# MEDIO FÍSICO > Embalses > C.I. Cataluña >  Noviembre lluvioso pero...

## ficus

Me sorprende que después de lo que ha llovido estos días en Cataluña, los pantanos no han aumentado su caudal e incluso en algunos casos ha disminuido.
 :Confused:

----------


## No Registrado

Yo me pregunto lo mismo; veo cómo lluve muchísimos días pero en cambio los aumentos en agua embalsada van en torno a un 0 y poco por ciento. ¿Se prevee que siga lloviendo y con el deshielo aumenten?
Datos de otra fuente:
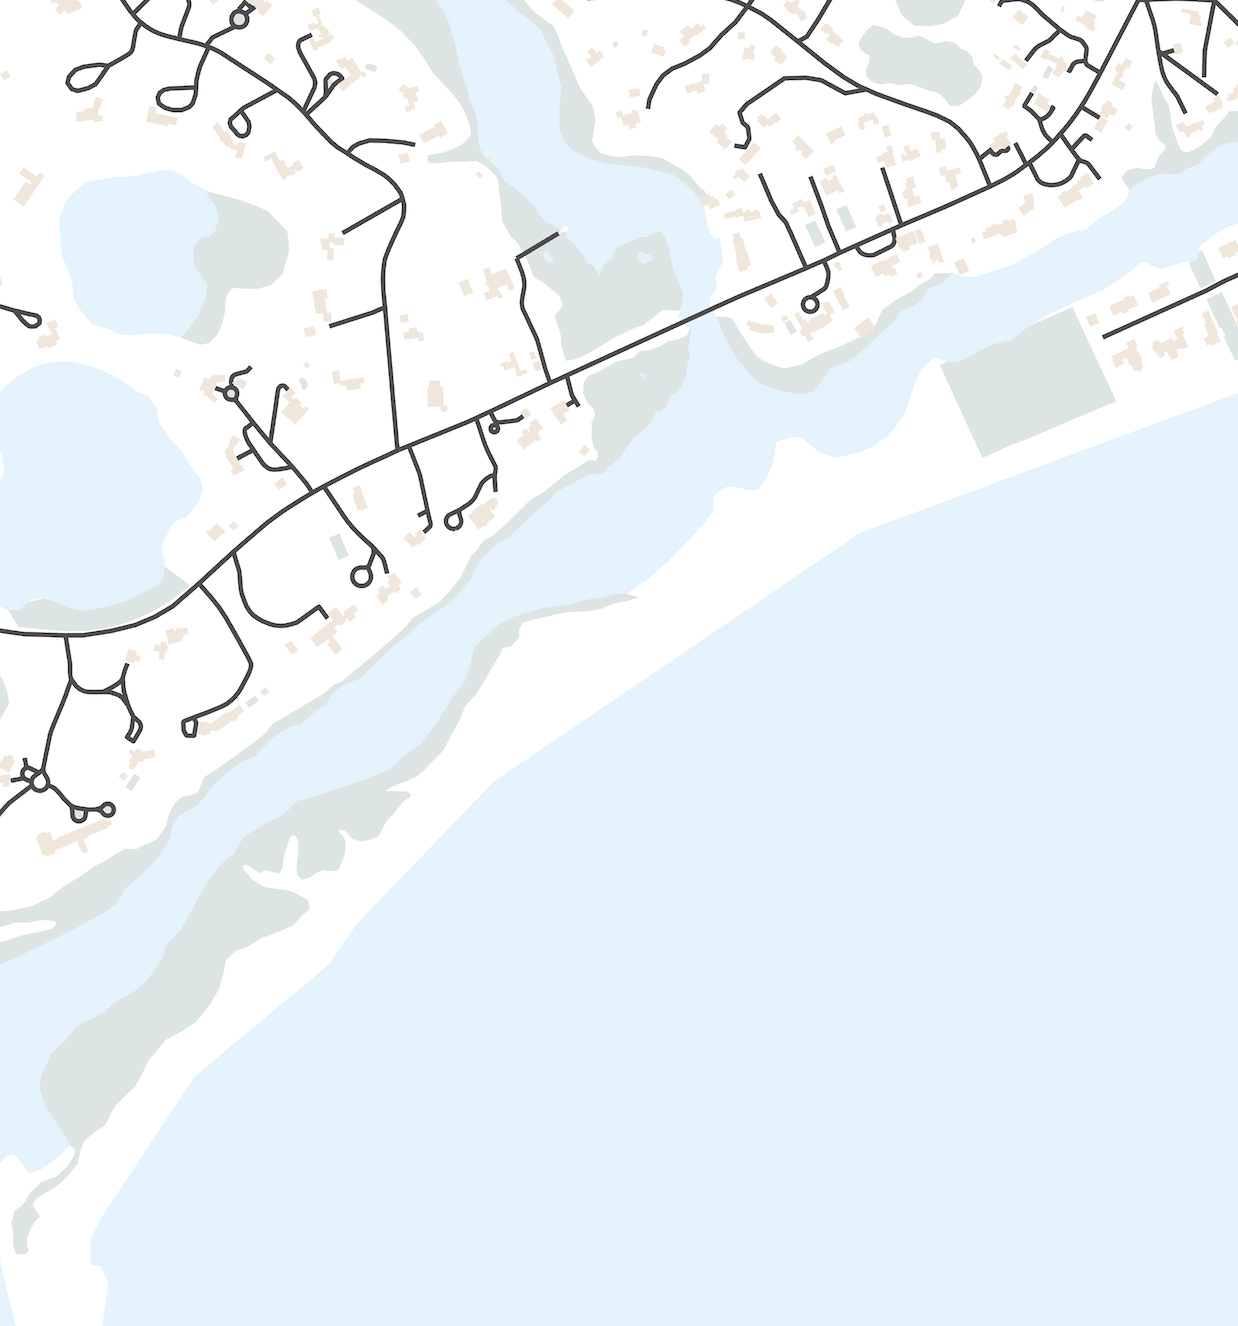 Craigville Beach Map Print

Quizá van desembalsando para luego tener espacio para regular las cuencas... Que no tengo mucha idea pero se me ocurre eso...


A ver si alguien mejor informado nos ilustra.

----------


## sergi1907

Hola,
Si que es verdad que en comparación con el resto de España los pantanos de Cataluña no han sufrido un aumento importante aún habiendo tenido bastantes episodios de lluvia, pero precisamente por la nieve que ha caído en los Pirineos, pantanos como el de Oliana y Tremp tienen que desembalsar para cuando llegue el deshielo.
Si os fijais es por culpa de estos dos pantanos por lo que la variación de esta semana es negativa.

----------